Mosseri highlights that content shares drive the most value for the community. The sharing aspect is a strong indicator that content is worth sharing, hence signaling to the algorithm that more users could benefit from engaging with this content. It can spark conversation and entice users to interact with similar content. Mosseri explains this effect as a flywheel for further content engagement.
An important driver for this community engagement is short form content. Mosseri admits that long-form content is able to keep the users attention, however, such content doesn’t work in the platform’s favor, as audiences consume far less content, resulting in less content being shared overall. Hence, through short form content, Mosseri notes, the company can remain closer to its core value to connect people. These metrics are communicated to creators, whilst developing new tools to enable better assessment of media performance.

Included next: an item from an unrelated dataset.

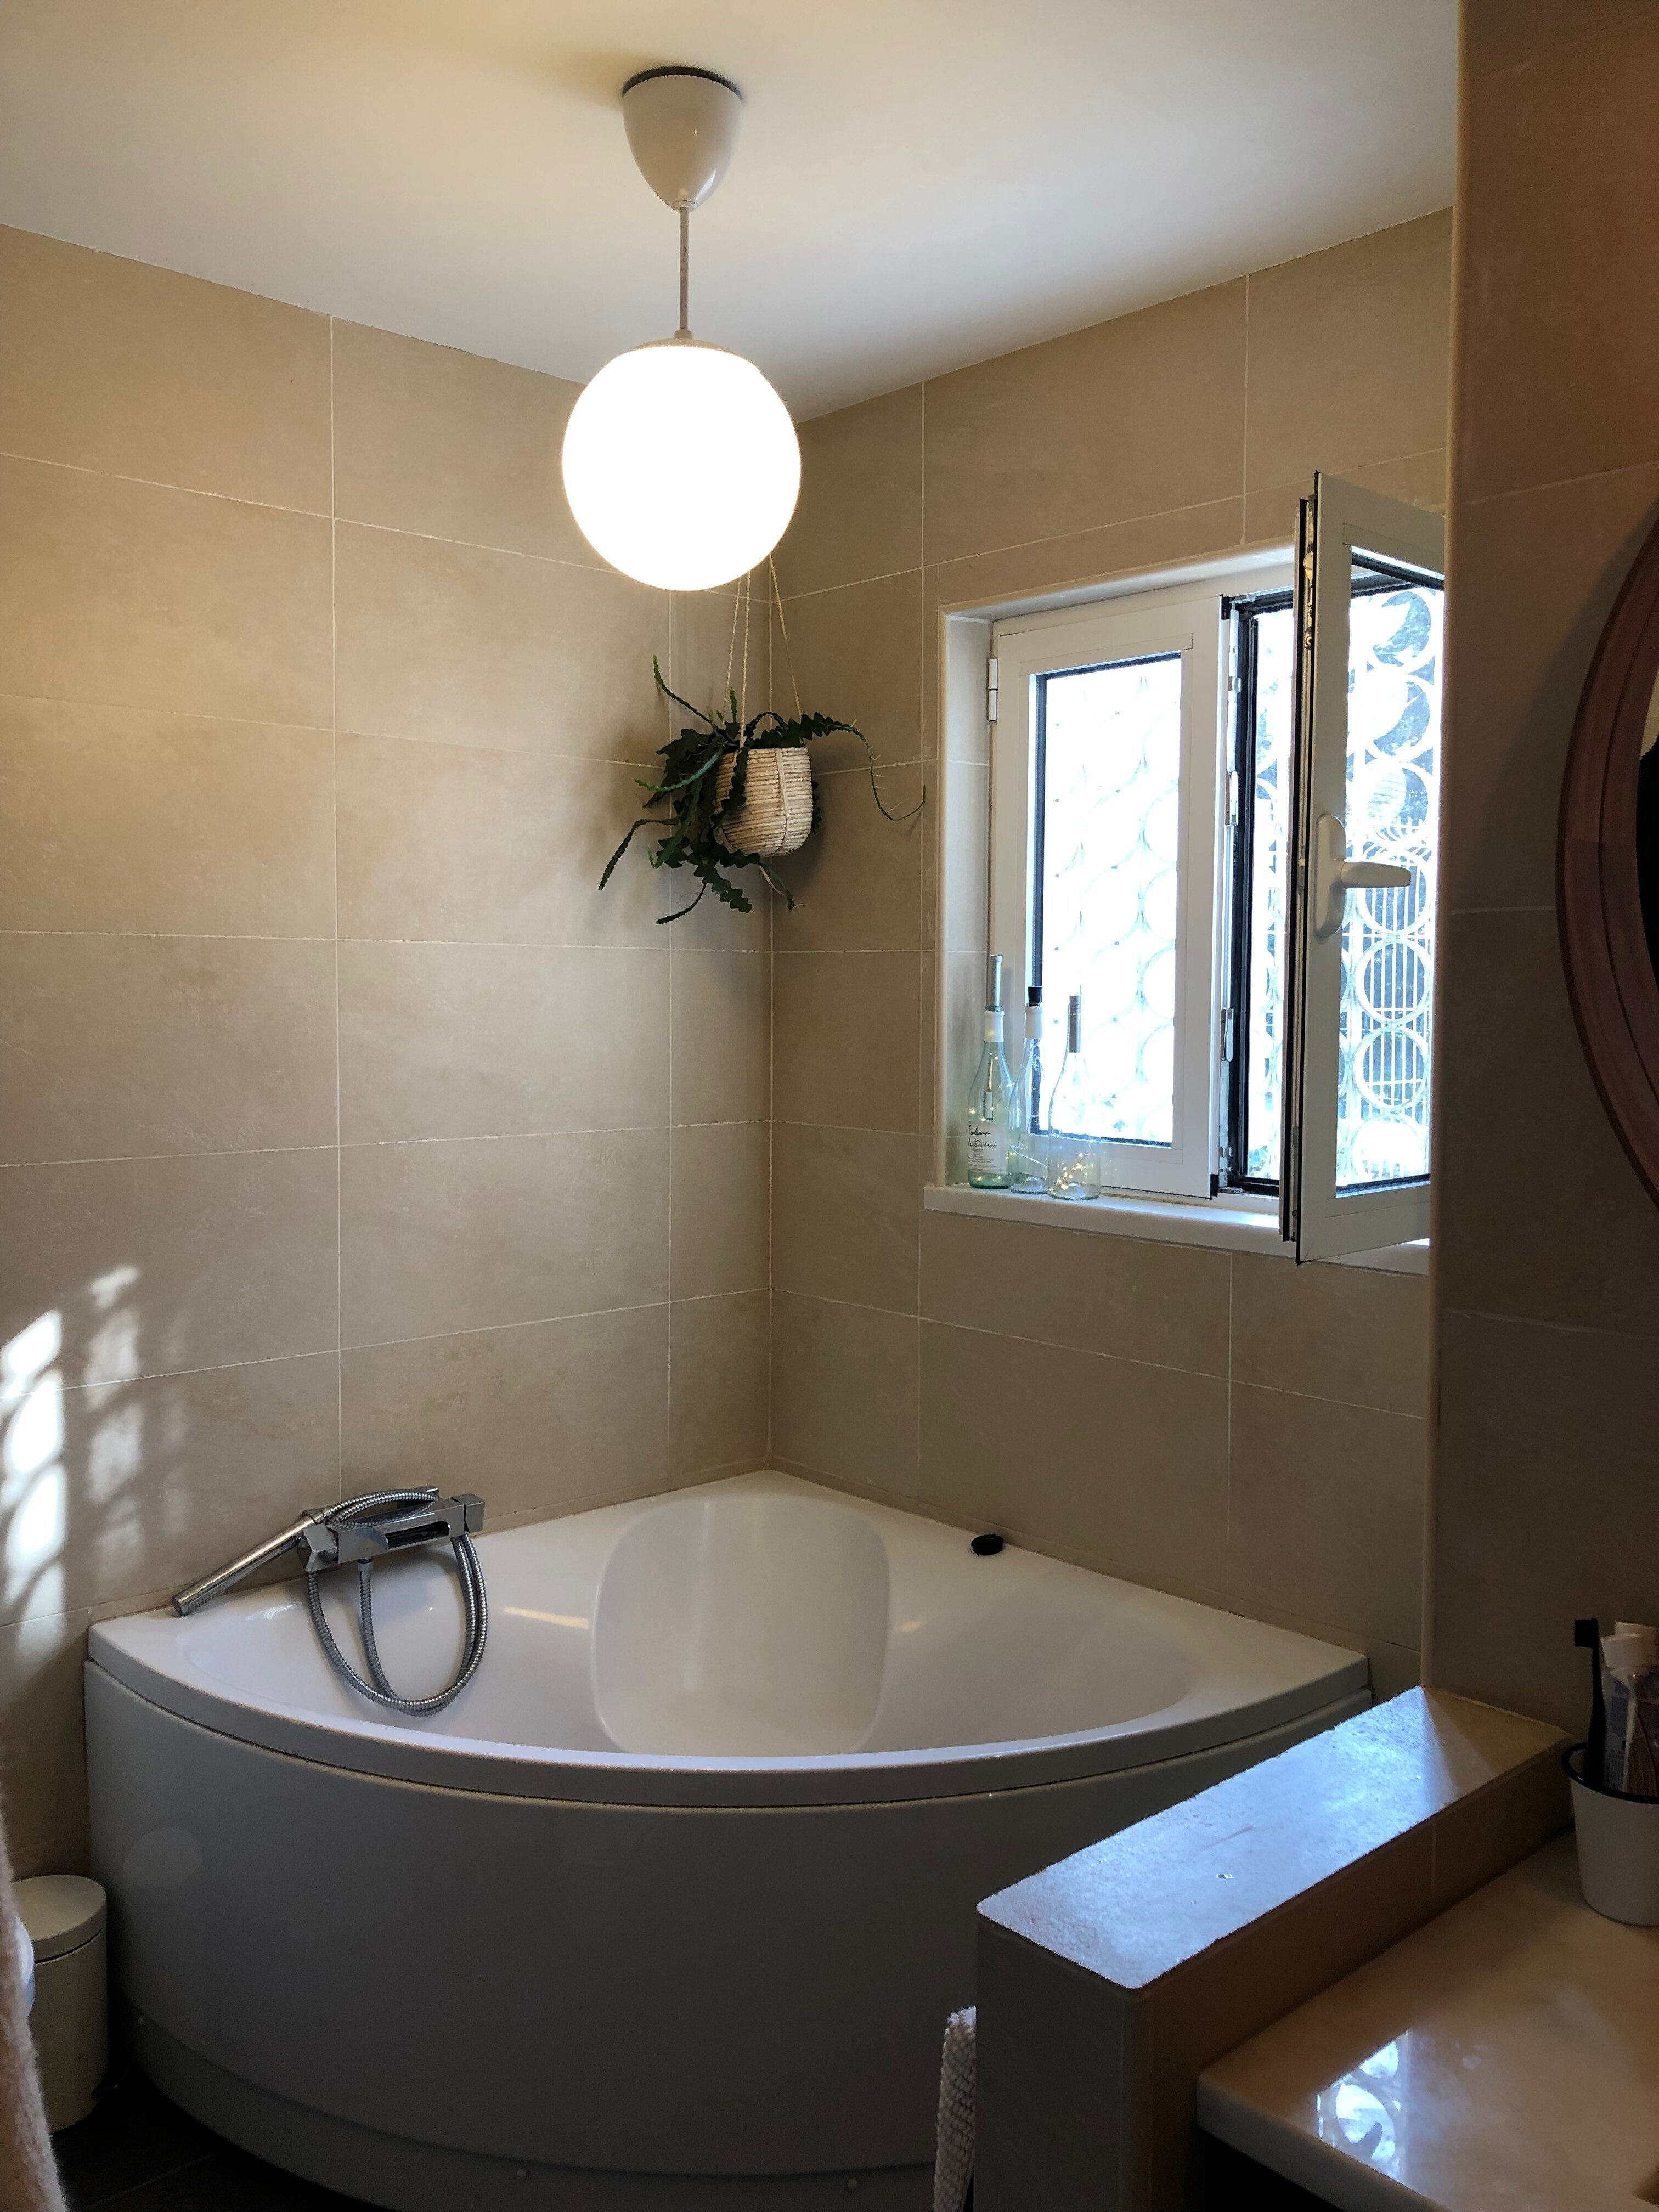 人気が高い バスルームキャビネット ヨーロッパ風 304ステンレス 陶磁器 洗面器 セット 鏡キャビネット 壁掛け バスルーム棚 3点セット

The inability of Instagram to adequately tell its creators what content sticks and gets shares, is one of the shortcomings of the platform. This translates to creators opting for guerilla style tactics in hopes of grabbing the attention of the algorithm, rather than thoughtful content creation. Mosseri agreed that there was work to be done in this department. When asked which other ranking factors contribute to content being served, likes were also considered important, however, their weight can be misguided in relation to shares.
In cases users don’t share or like content, Instagram will use watch time in regards to reels. While their contribution to ranking is far less than likes and shares, Instagram uses it to assess the content’s performance. To better determine media performance, Instagram looks at how popular was the ranking across a creator’s followers and how many users engaged with the content who weren’t subscribed to the account.
The almighty Instagram Algorithm
The Instagram Algorithm is made up of countless lines of codes that fetch and serve content. Oftentimes we overlook the technical aspect of the models, and jump straight into the awareness generation phase. But behind the scenes engineers are constantly tweaking recommendation algorithms to serve the most relevant content to keep users engaged for as long as possible. Developers at Instagram pay close attention to media created on the platform, ranking it through complex data sets, weighing and ultimately serving it to users.
This complex mechanism puts immense stress on creators, who, overnight, can generate viral success, whilst the following day, have no community interaction at all. Instagram is unable to provide the necessary tools that enable creators to repeat their success. This means that the most avid users rely on hit or miss strategies in attempts to replace their previous success, which in turn puts immense stress on their mental well-being, as their livelihoods can be wiped out with the next update.
The notion that one might have figured out the algorithm is therefore unrealistic. The many complexities, not of the algorithm, but the human mind, is the strongest determining factor whether content will be discovered, served and shared. These aspects fluctuate heavily over time to varying degrees.